### Source material
• • • •

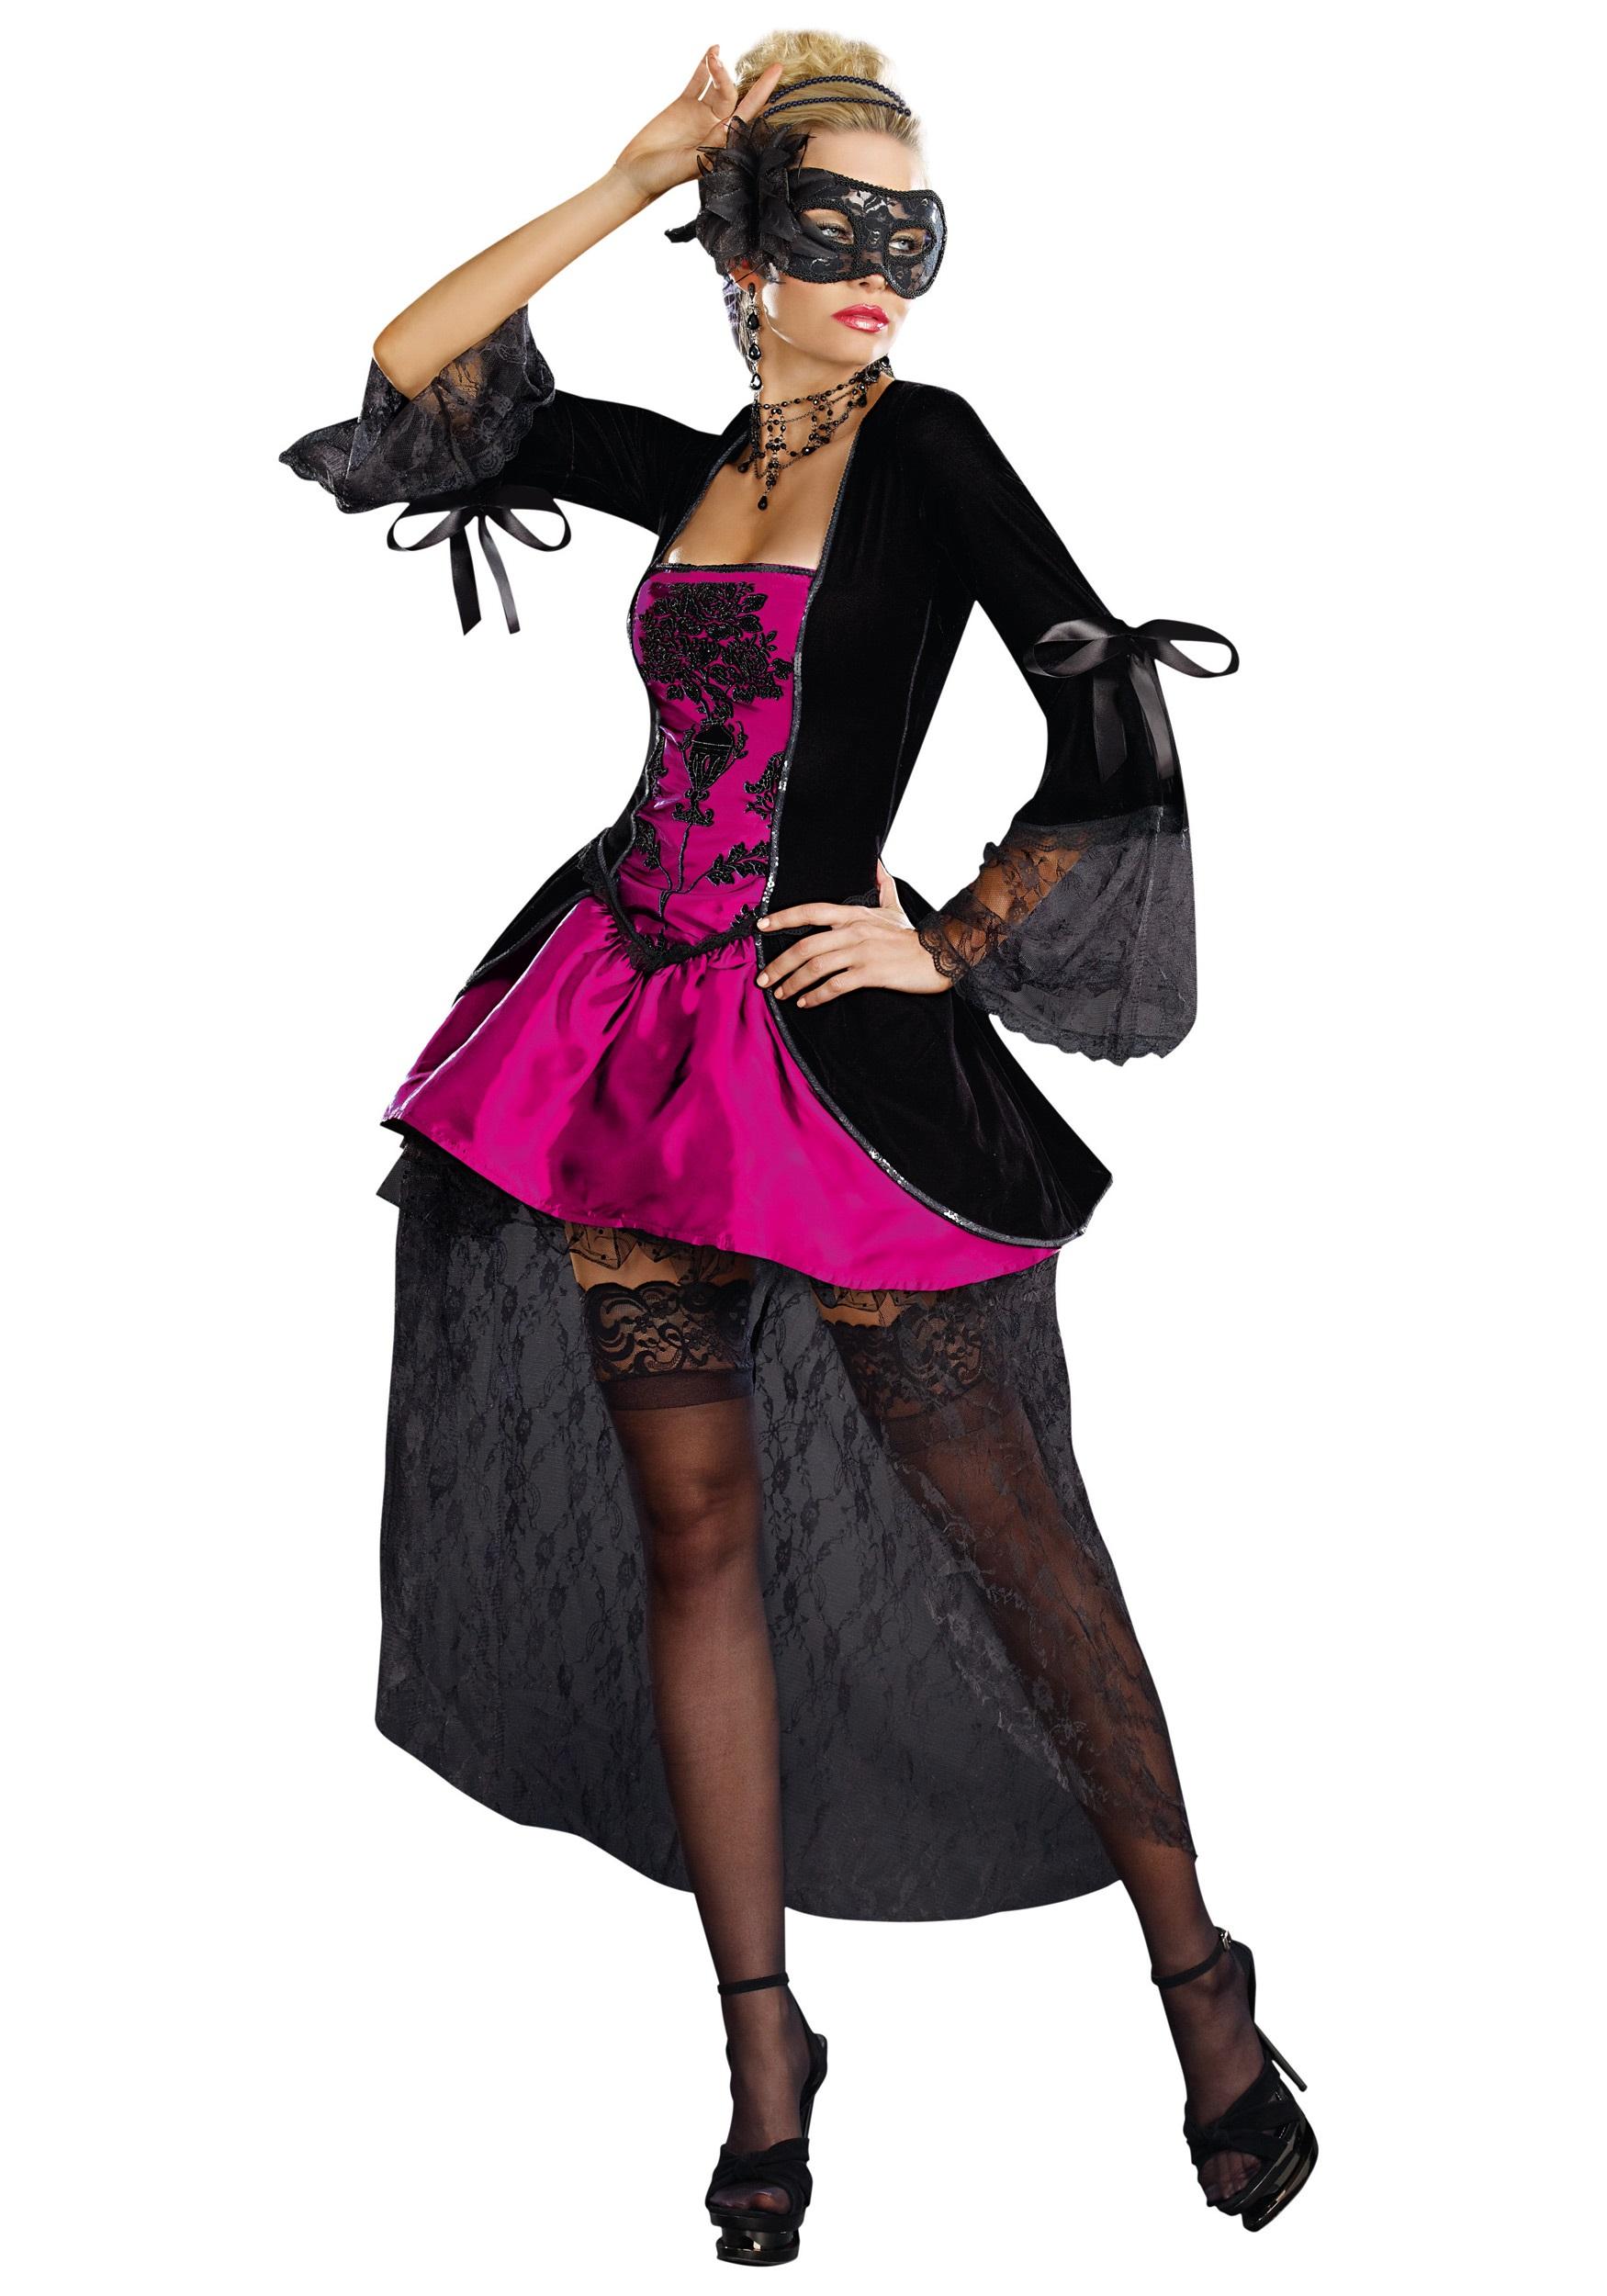 Sexy Venetian Masquerade Costume  sc 1 st  Halloween Costumes & Sexy Venetian Masquerade Costume - Halloween Costumes
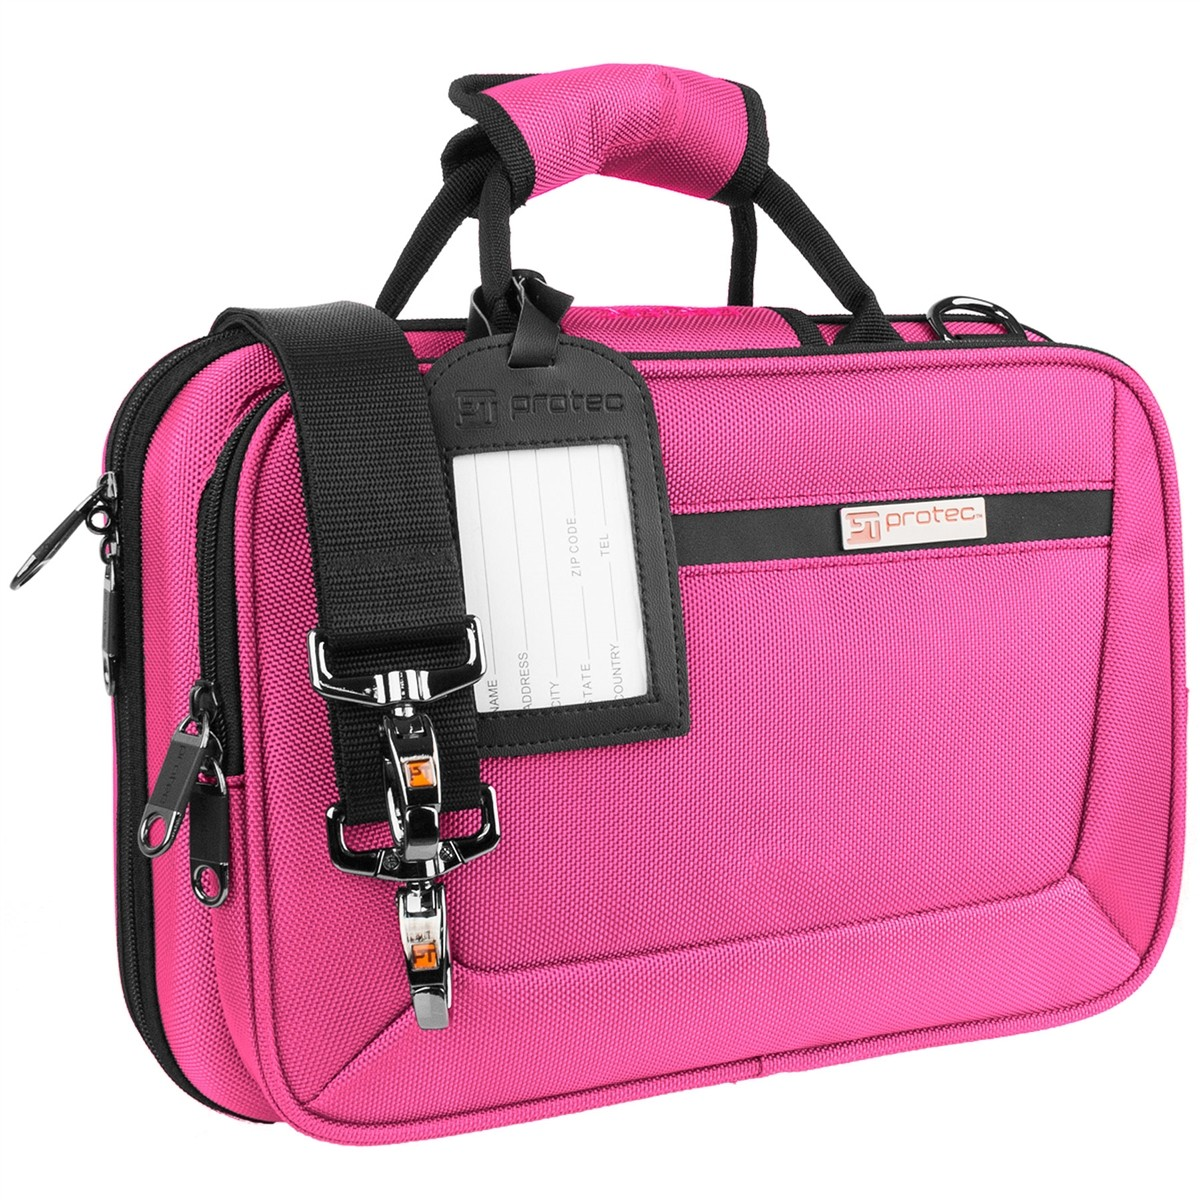 Protec Bb Clarinet PRO PAC Case – Slimline (Hot Pink PB307HP)
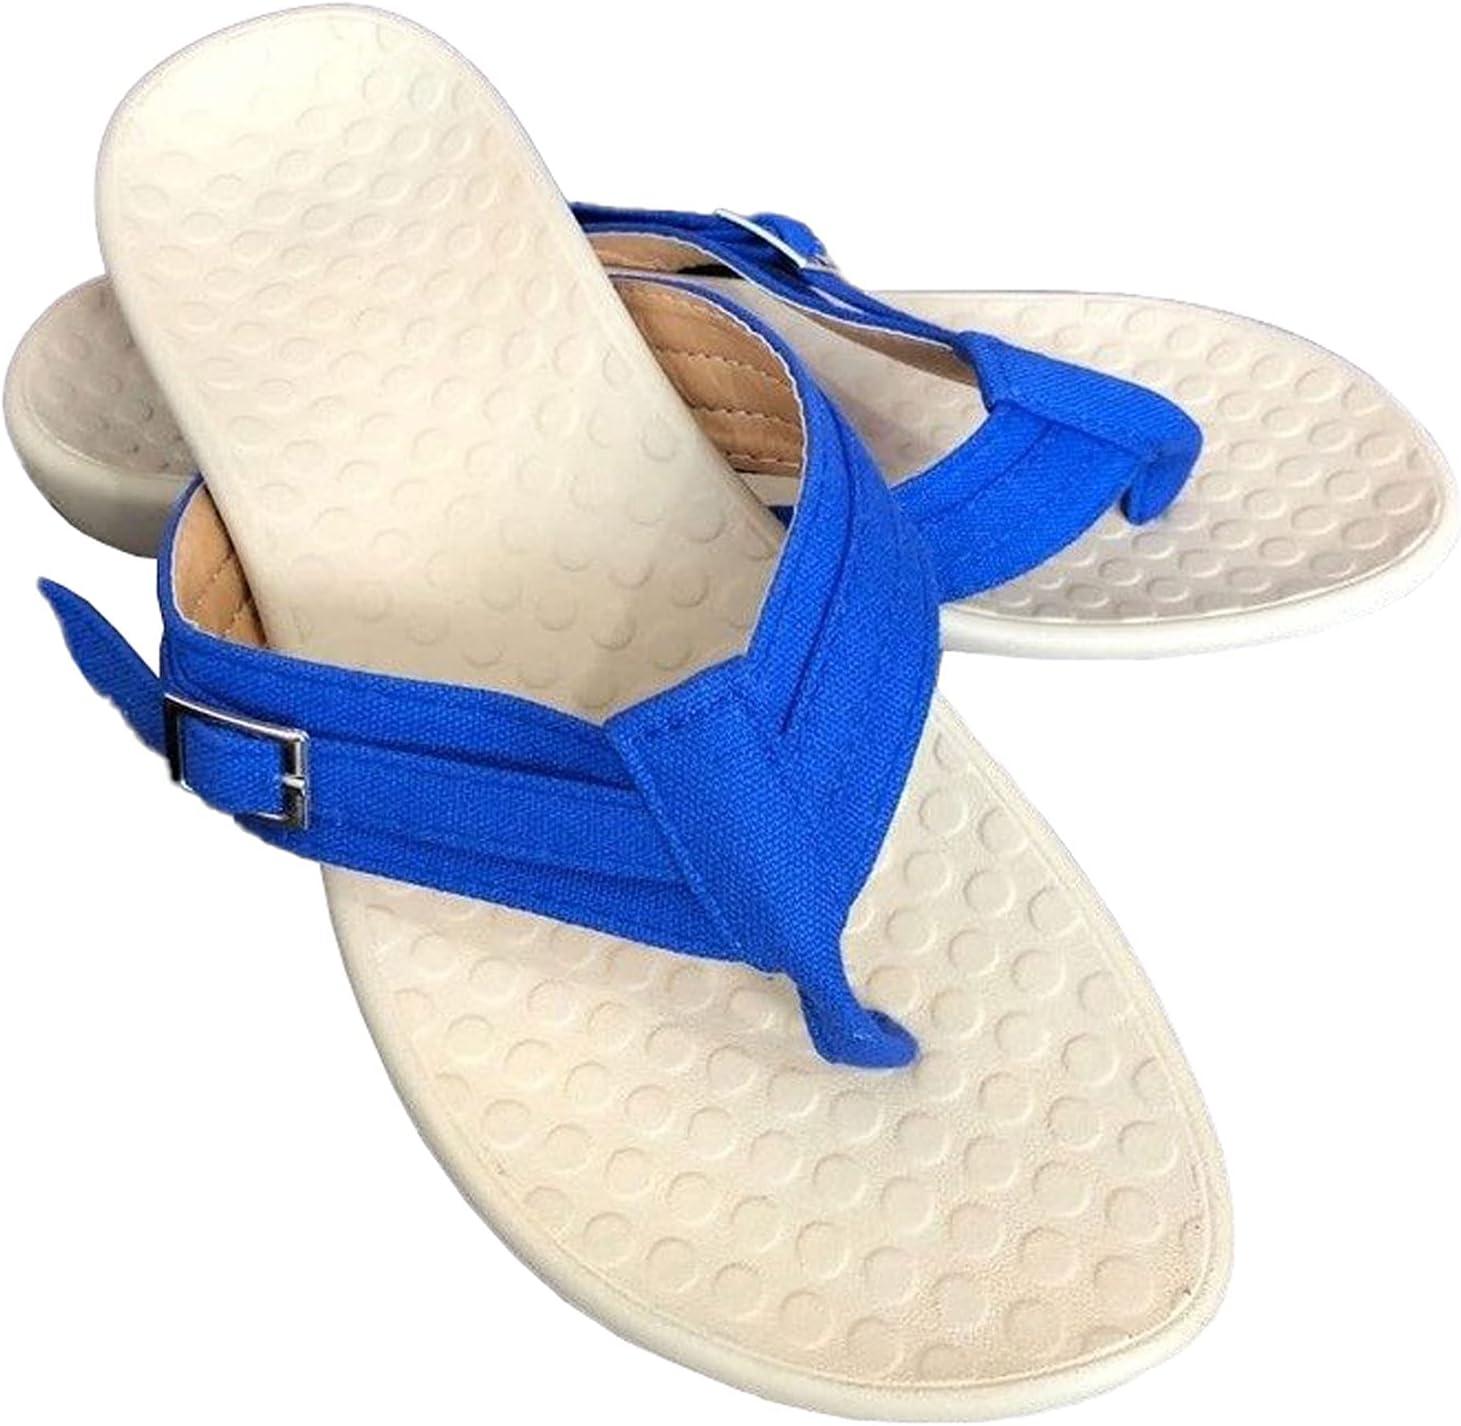 COOLL Flip Flops Women,Adjustable Metal Buckle Sandals,Orthotic Sandals,5-12 Sizes Royal Blue-7

• • • •

### What to do
Return each line of the material exactly as written; exclude the pictures.

### Output for this task
 Sexy Venetian Masquerade Costume  sc 1 st  Halloween Costumes & Sexy Venetian Masquerade Costume - Halloween Costumes
 Protec Bb Clarinet PRO PAC Case – Slimline (Hot Pink PB307HP)
 COOLL Flip Flops Women,Adjustable Metal Buckle Sandals,Orthotic Sandals,5-12 Sizes Royal Blue-7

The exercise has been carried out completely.